マニュアルによると、以下の表のように16Bytes/1entryで情報を扱っているようです。
Byte | 意味 |
15-14 | unused |
13-10 | login time |
9 | unused? |
8 | 端末(のスペシャルファイル)の最後の文字 |
7-0 | user name |
続いてwtmpの末尾に情報を追加します。wtmpファイルは前回のエントリで紹介したとおり、ユーザのログイン・ログアウト情報を扱います。
フォーマットはutmpと同じらしく、wtmpファイル操作用のwtmp構造体を見ても、それが確認できます。
struct { char name[8]; char tty; char fill; int time[2]; int wfill; } wtmp;
wtmpファイルの最後尾にエントリを追加します。そのエントリの「端末の最後の文字」を表すフィールドには'~'をセットします。'~'はマニュアルによると、rebootされたことを表すようです。
setexit()の実行
その後の処理を見ていきます。
setexit();
signal(1, reset);
setexit()って何? とマニュアルを調べたところ、r5, r6を退避する関数であることがわかりました。reset()を使って、setexit()を実行した個所に戻るようです。
set"exit"()という名前から、exitシステムコール関連を想像したのですが、文字通りexit(出口)を設定する関数のようです。
実際にsetexit()、reset()のコードを見てもそれが確認できます。(spではなく、spcなのはなぜ?)

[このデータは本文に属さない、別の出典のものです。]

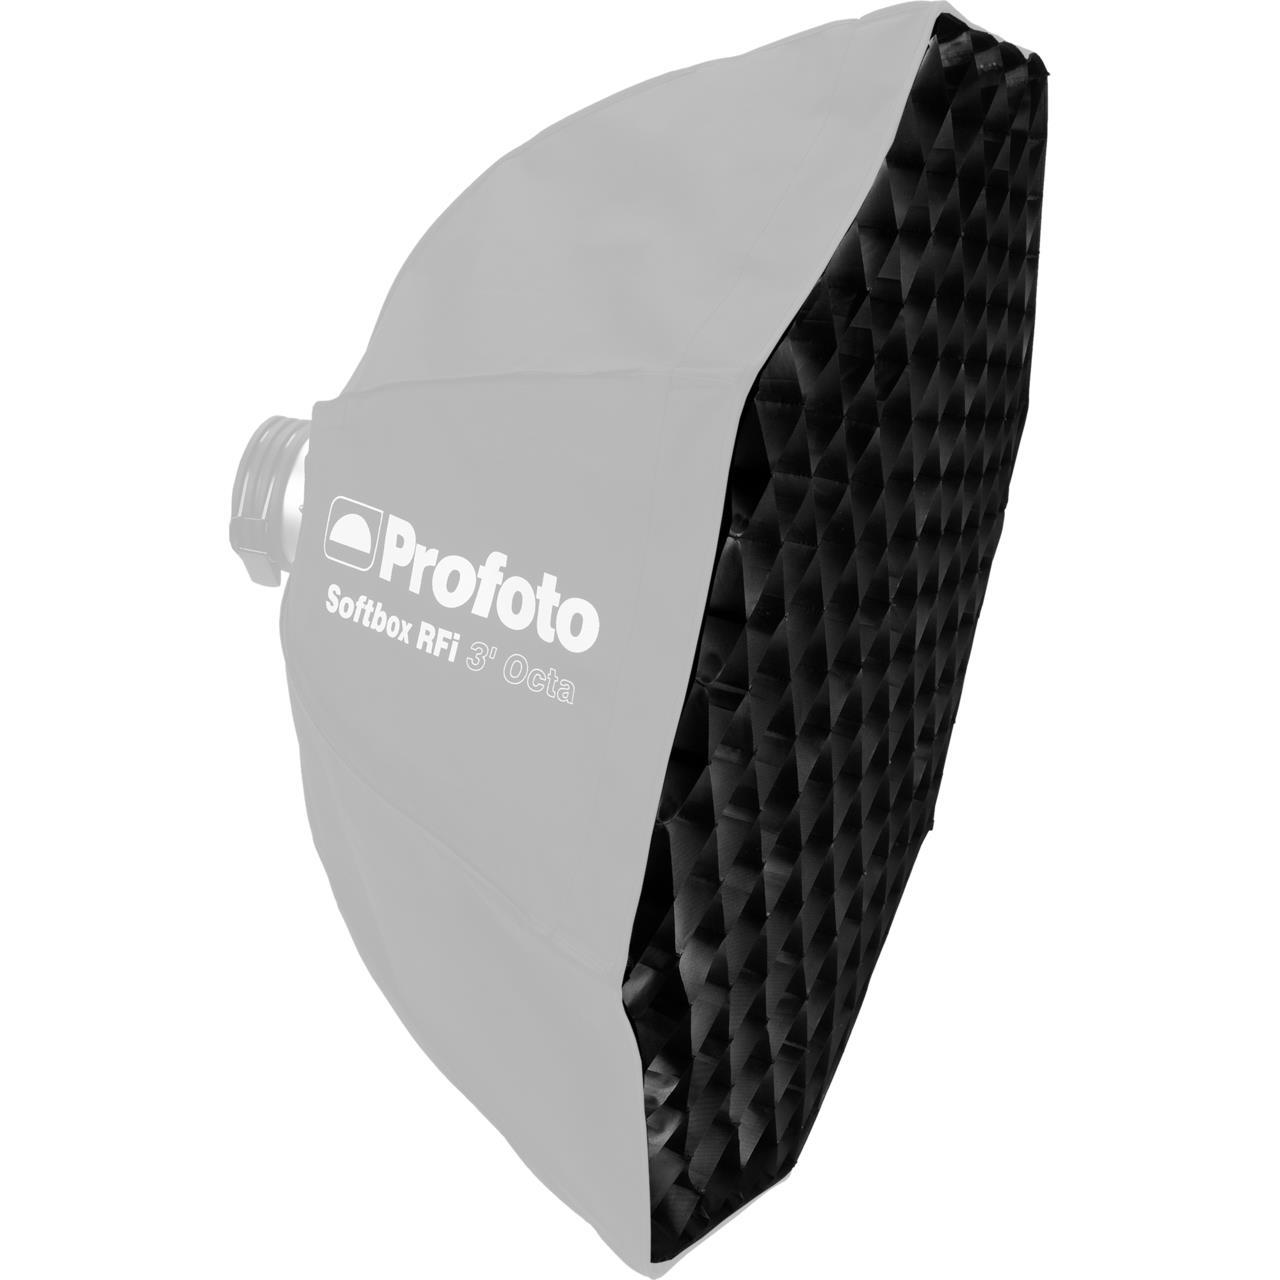 Profoto RFi ソフトグリッド オクタ型をオンラインで購入 | Profoto (JP)

/ C library -- reset, setexit / reset() / will generate a "return" from / the last call to / setexit() / by restoring sp, r5 / and doing a return. / / useful for going back to the main loop / after a horrible error in a lowlevel / routine. .globl _setexit .globl _reset .globl csv, cret _setexit: jsr r5,csv mov r5,sr5 mov 2(r5),spc jmp cret _reset: mov sr5,r5 mov spc,2(r5) jmp cret .bss sr5: .=.+2 spc: .=.+2
setexit()の次の行で、signal(1, reset)を実行しています。マニュアルでsignalの種類を確認すると、signal#1はhangupに対応していることがわかります。hangupが引き起こされた場合、reset()が実行され、setexit()実行個所に戻ってくるようです。
今回のまとめ
長くなってきたので、ここでいったん区切ります。今回見てきたことをまとめると、以下のようになります。
終わりに
次回もinitのコードの続きを見ていきます。起動時、そして、hangupが起きた時にどういう処理が行われるのかが見られると思われます。